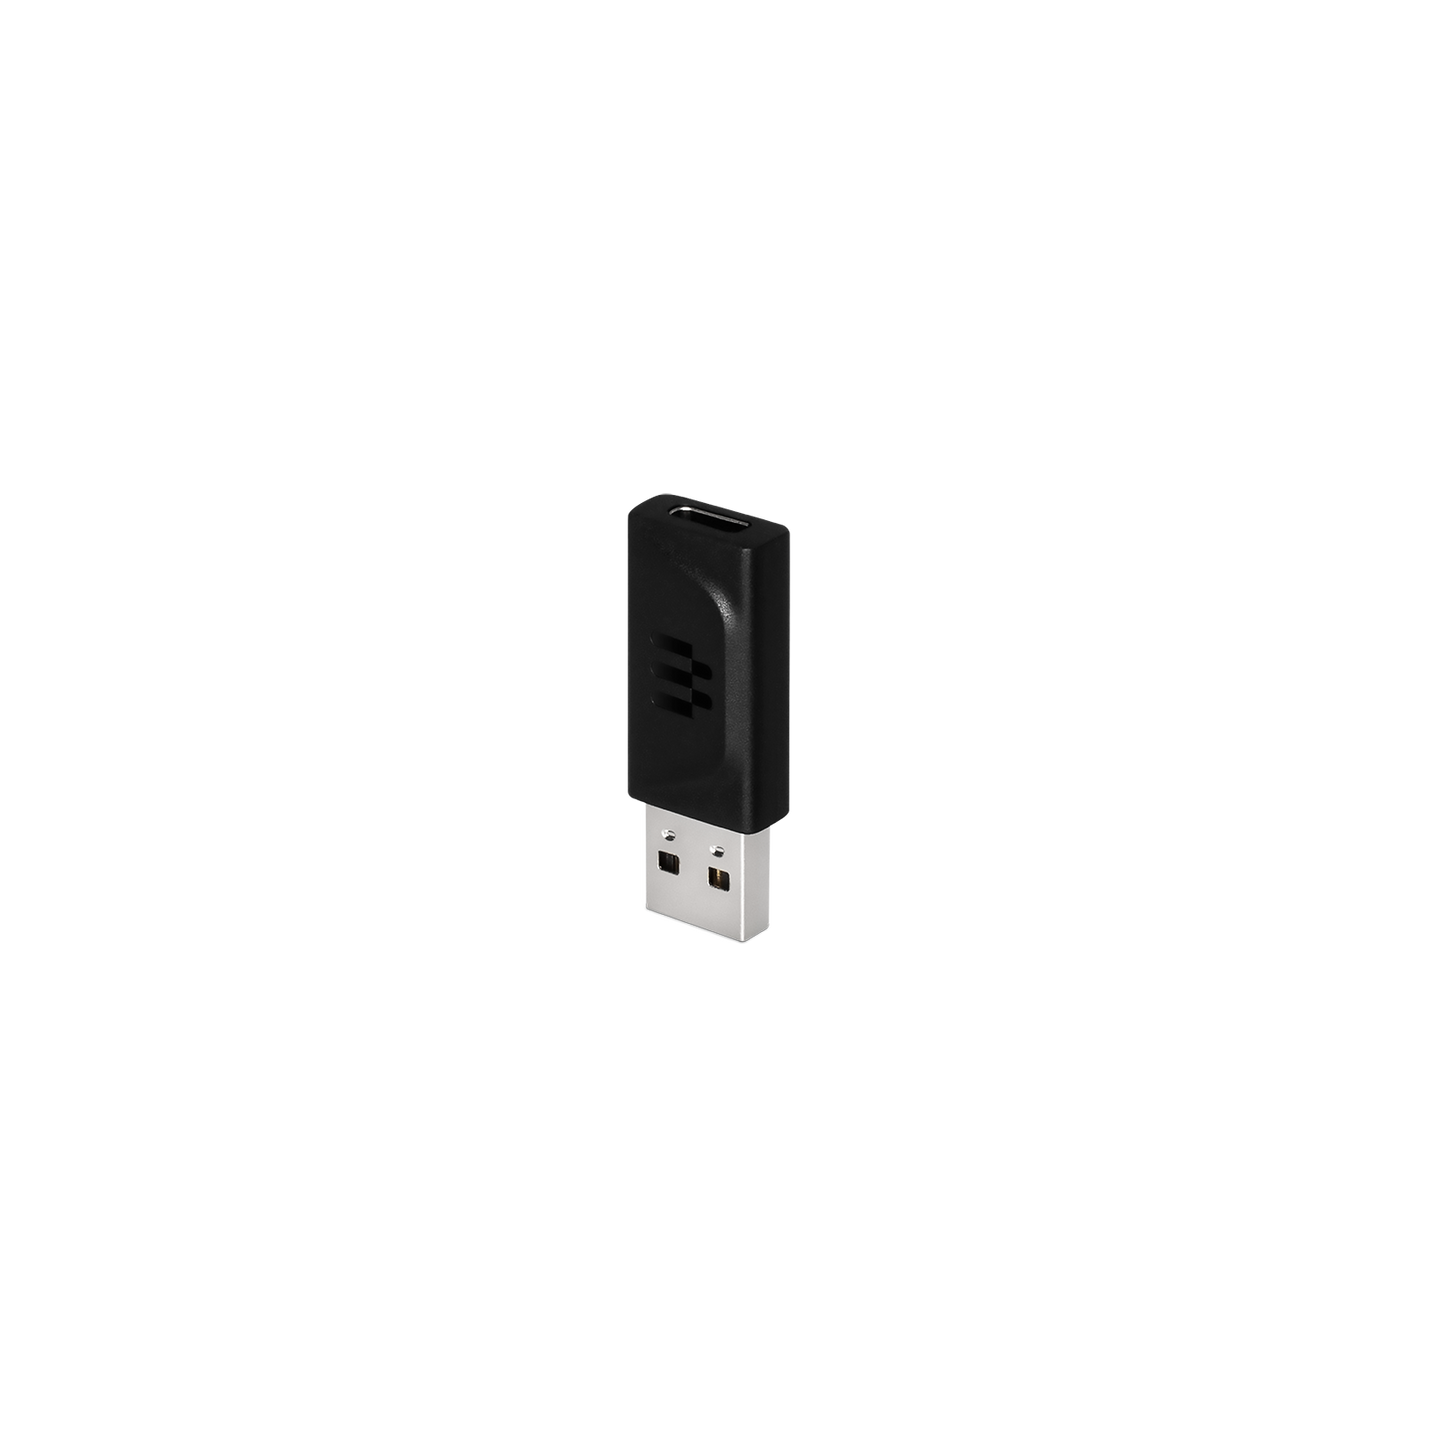 EPOS USB-C to USB-A
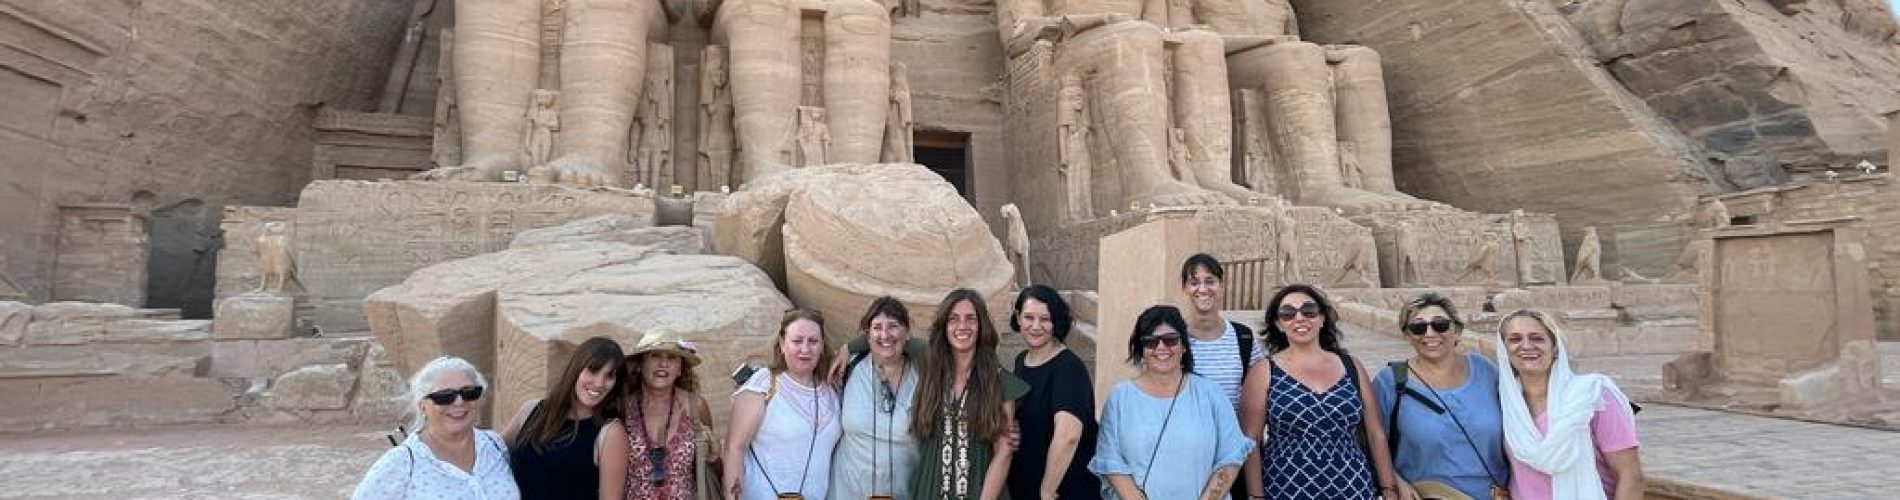 Egipto, Abu Simbel, grupo mujeres
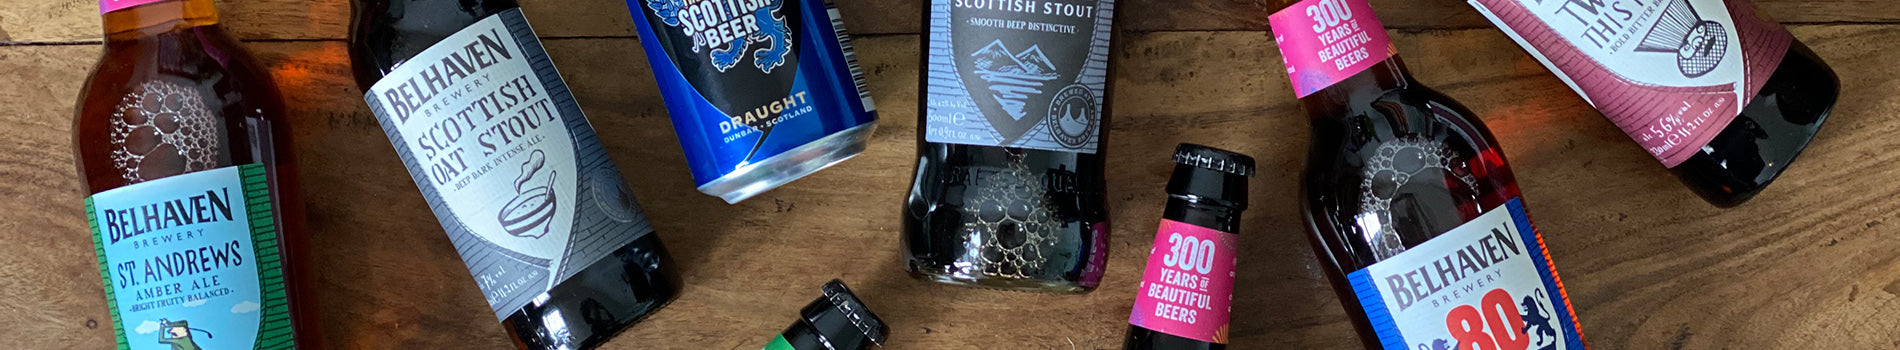 Scottish Ale

- **Task requirements**
One exact copy of the data, no pictures: write it out line for line.

- **Your solution**
 EPOS USB-C to USB-A
 Egipto, Abu Simbel, grupo mujeres
 Scottish Ale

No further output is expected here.